Shots followed. They stuck me with an epipen at on point. Another shot to my butt of something else. More Benadryl. I started to feel really drunk at one point since I have no tolerance for anything (no drinker/non-drug user/no life), and the world was not quite the happy place I envisioned. They hooked me up to an oxygen monitor, stuck a breathing treatment tube in my mouth (which I barely used because I didn’t understand it for some reason), and slapped a blood pressure cuff on me. I tried to tell the nurse that my normal blood pressure is around 120/90 but I sounded like Chewbacca from ‘Star Wars.’ Not good. It was 168/140 at that point, but the doctor said it was okay as that was the stuff in the Epipen kicking in to try to burn it out of my system.
I was able to hold it together and not let myself think about how bad things were going. Again, the trick with keeping calm from the dentist’s chair helped, but at a certain point, I got scared because everyone else seemed really scared. When I talked to the nurse yesterday (she called to see if I was alive), she admitted things were more serious than they seemed. They had said I was close to going to the Emergency Room as it happened, but I didn’t know how close. She said she was about to hook me up to an IV and start calling for help because they’ve never had a reaction so bad.
She said when she asked the doctor what I was allergic to, he flatly said “Life.” I had set the record in the office for testing positive for all 44 of the things they test for. That beat the old record of 37.
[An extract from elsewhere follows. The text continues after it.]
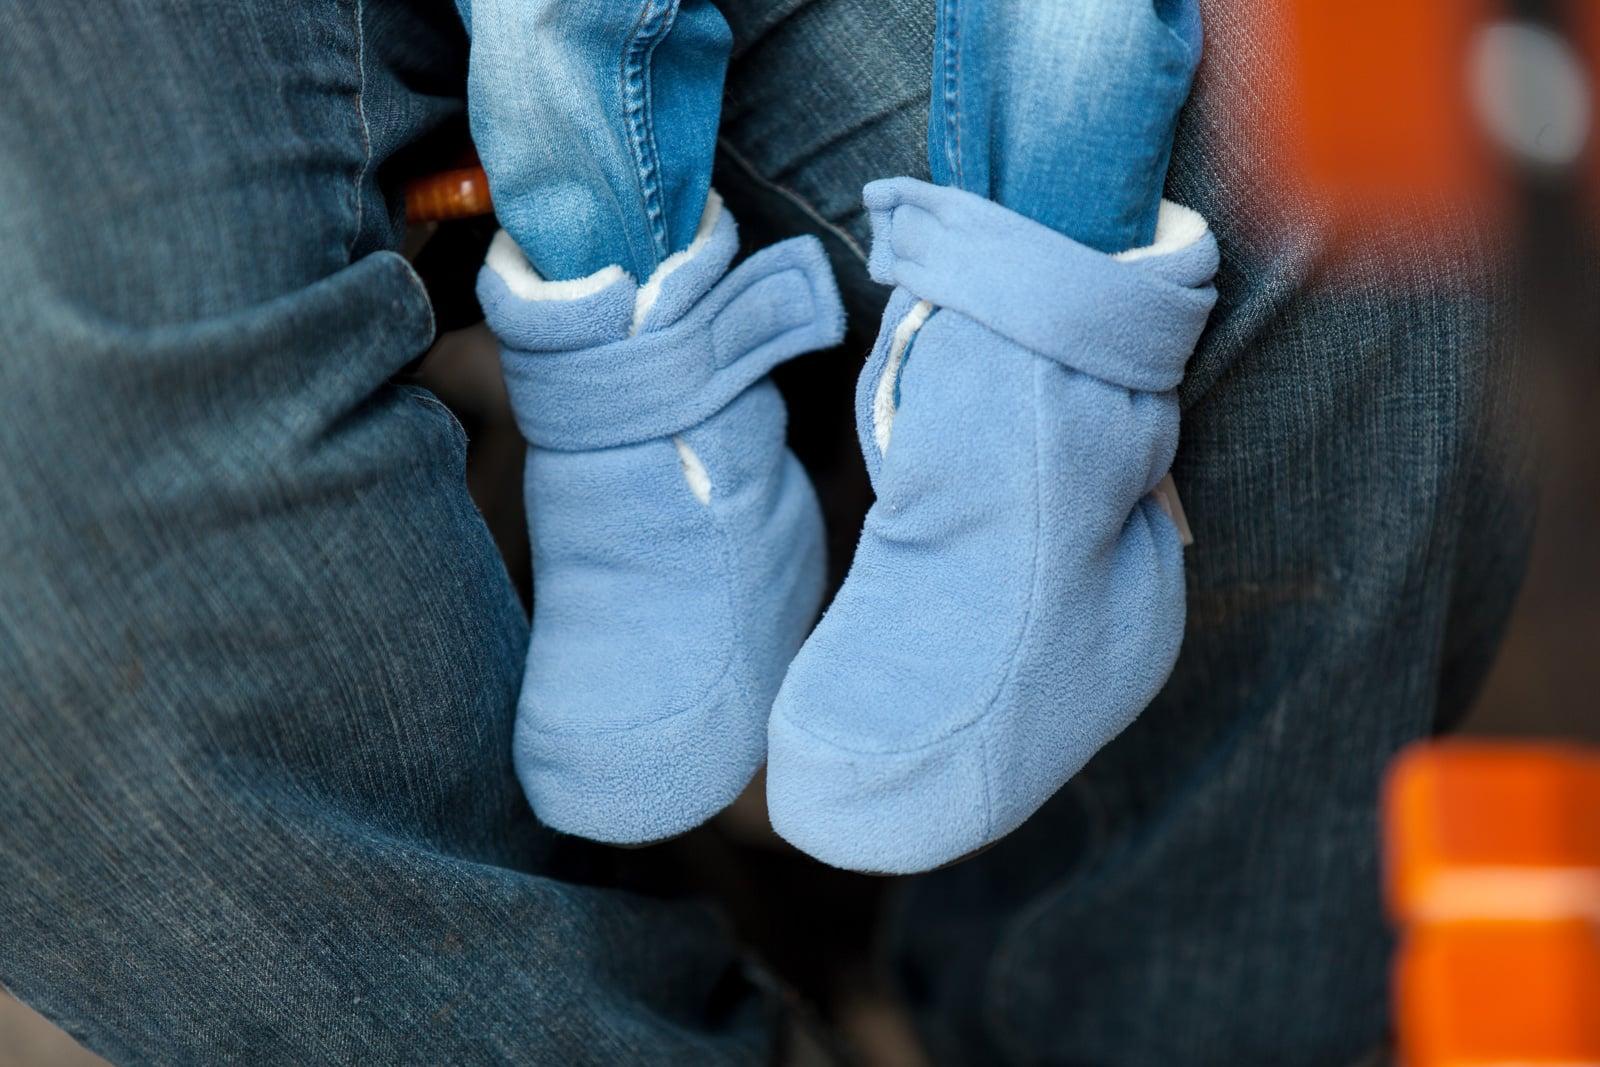 Kleine Kinderfüsse in Kuschelschuhen in blau.

Eventually, all the drugs kicked in and I was able to stop barfing (leaving that part out as I don’t want to remember it), and the worst of it was over. I was completely in a daze and talking like a very very drunk three year old. I convinced them I was well enough to drive home and they wanted me to go straight to bed since I had all that Benadryl in my system. I must have looked terrible because as I was leaving the office a nurse came out of another office and was heading to the elevator, she looked at me like “OMG that poor man.” I headed to the bathroom instead of the elevator because I could barely talk and didn’t want the elevator chit chat of drunken Jim and pretty nurse but she was there after I took the elevator down and she was heading back up. She said something like “Oh, you. What’s the chances of us meeting again?” And it took 30 seconds for my mouth to get out a response. Oh yeah, nerdy Jim as drunken nerdy Jim is a smooth operator with strangers I’ll tell you. The elevator door closed before I could get my 10 word response completely out.
After that, the ride home was fun. I called my mom. My voice had improved as I sounded like a deep voiced third grader. I was talking in sing song. She was concerned. I went the wrong way home and instead of taking the fairly safe back road, I went straight to the highway and I think I was doing 40mph in a 55 zone the whole way home. People weren’t happy but I was trying to hold it together the whole way home. Got home, fed the animals, looked in the mirror and realized I had driven the entire way home with my mouth propped open like a blow fish, then fought for the next 5 hours to stay awake until work published schedules and I was able to pick up the extra hours I needed before passing out completely. Go me.
Allergy shots start on Wednesday. The nurse assured me that it won’t happen again. No, I’m not skyping or face timing the visit. Unless you pay me.